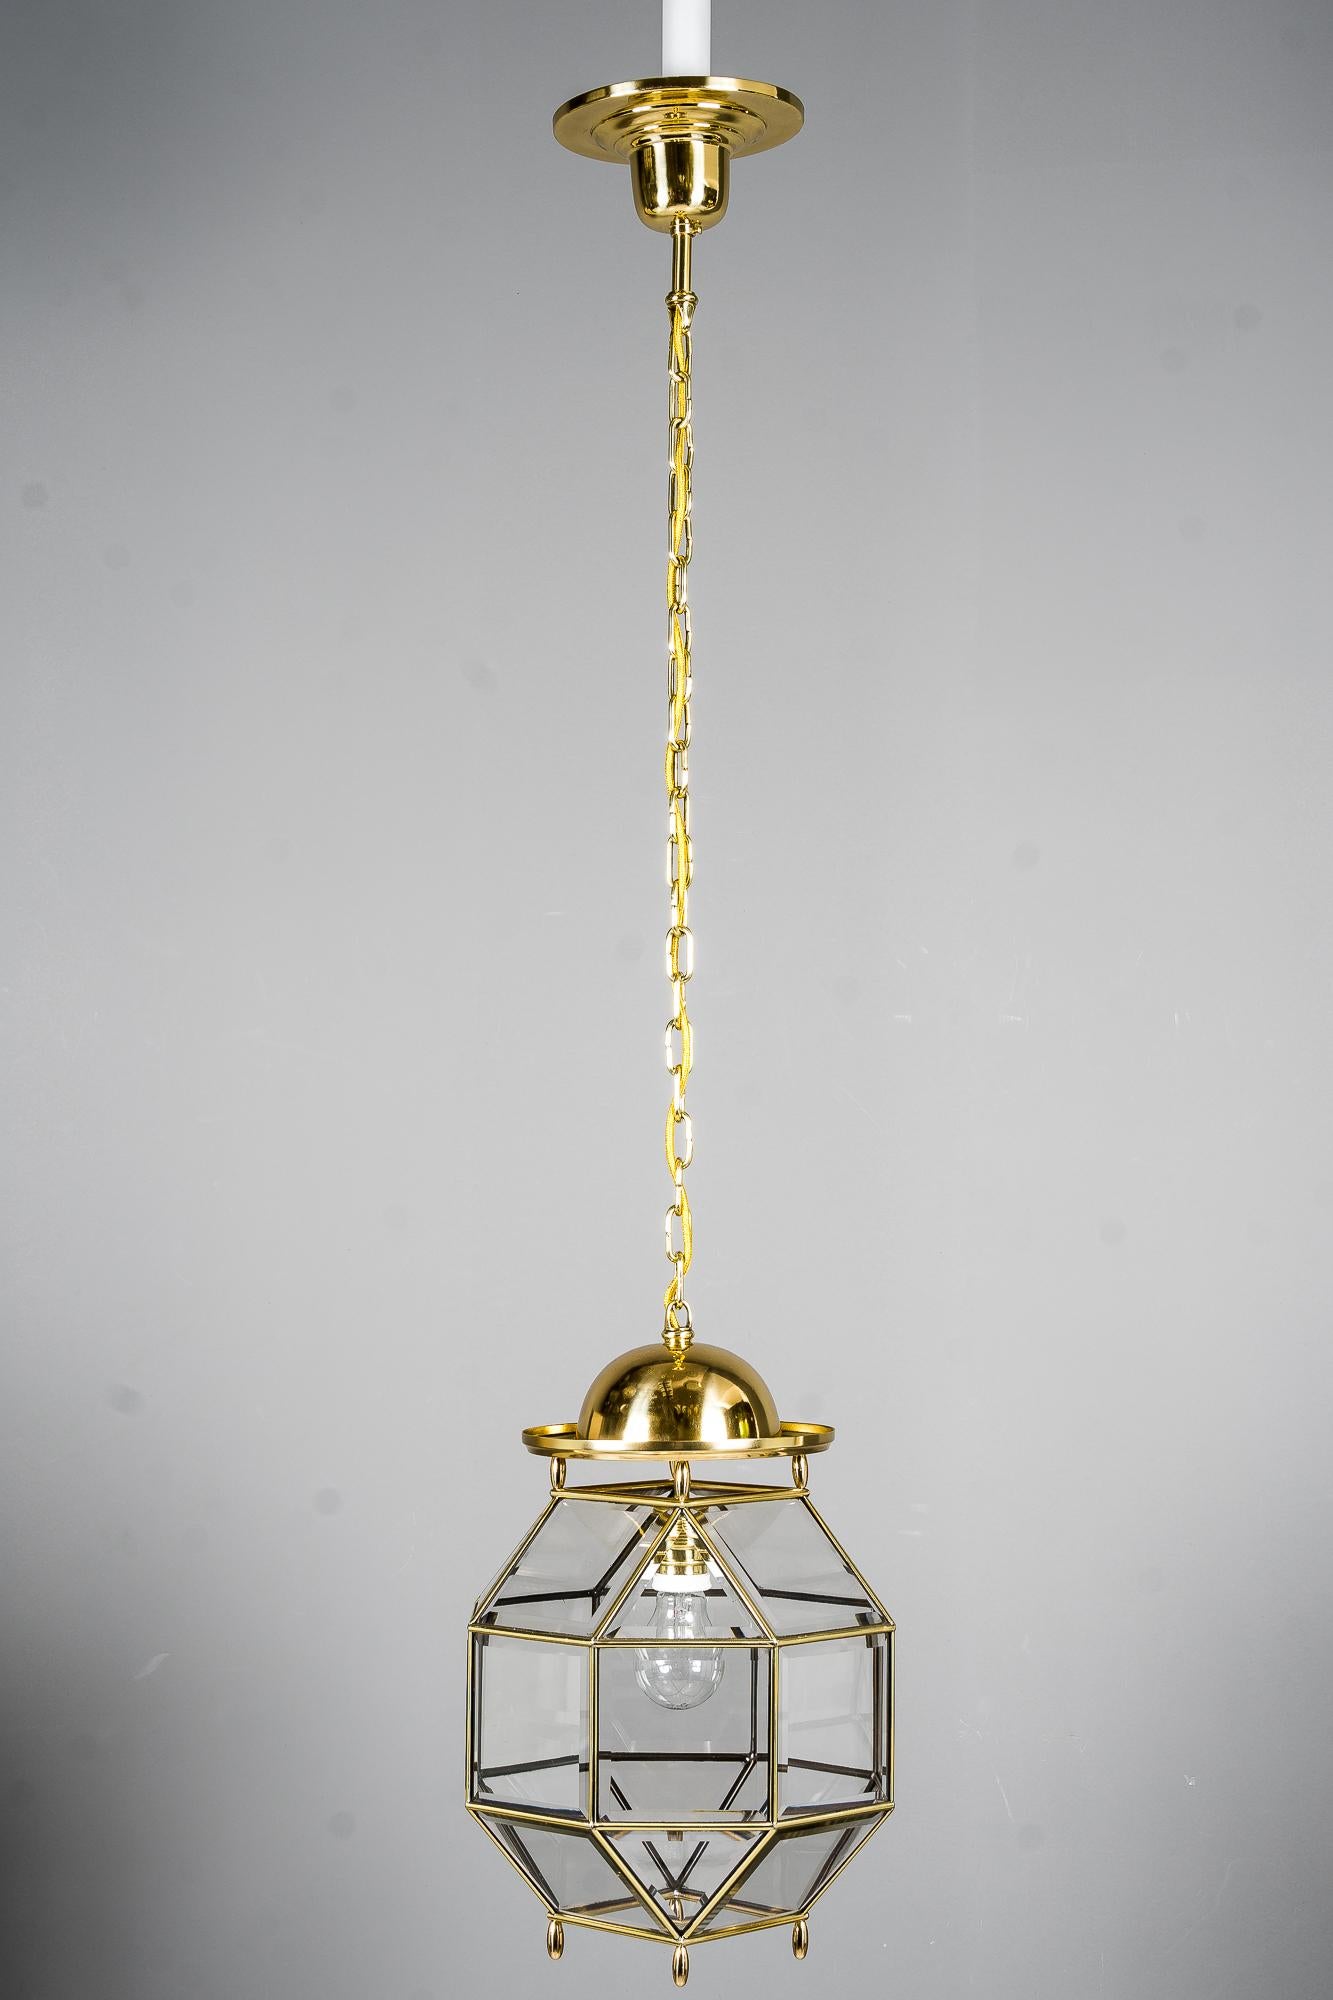 Art Deco lantern vienna around 1920s
Brass polished and stove enameled
Original cut glasses.

#### WHAT YOU ARE ASKED TO DO:
Every line of the material must be reproduced verbatim; the pictures are to be omitted.

#### OUTPUT FOR THIS TASK:
 Art Deco lantern vienna around 1920s
Brass polished and stove enameled
Original cut glasses.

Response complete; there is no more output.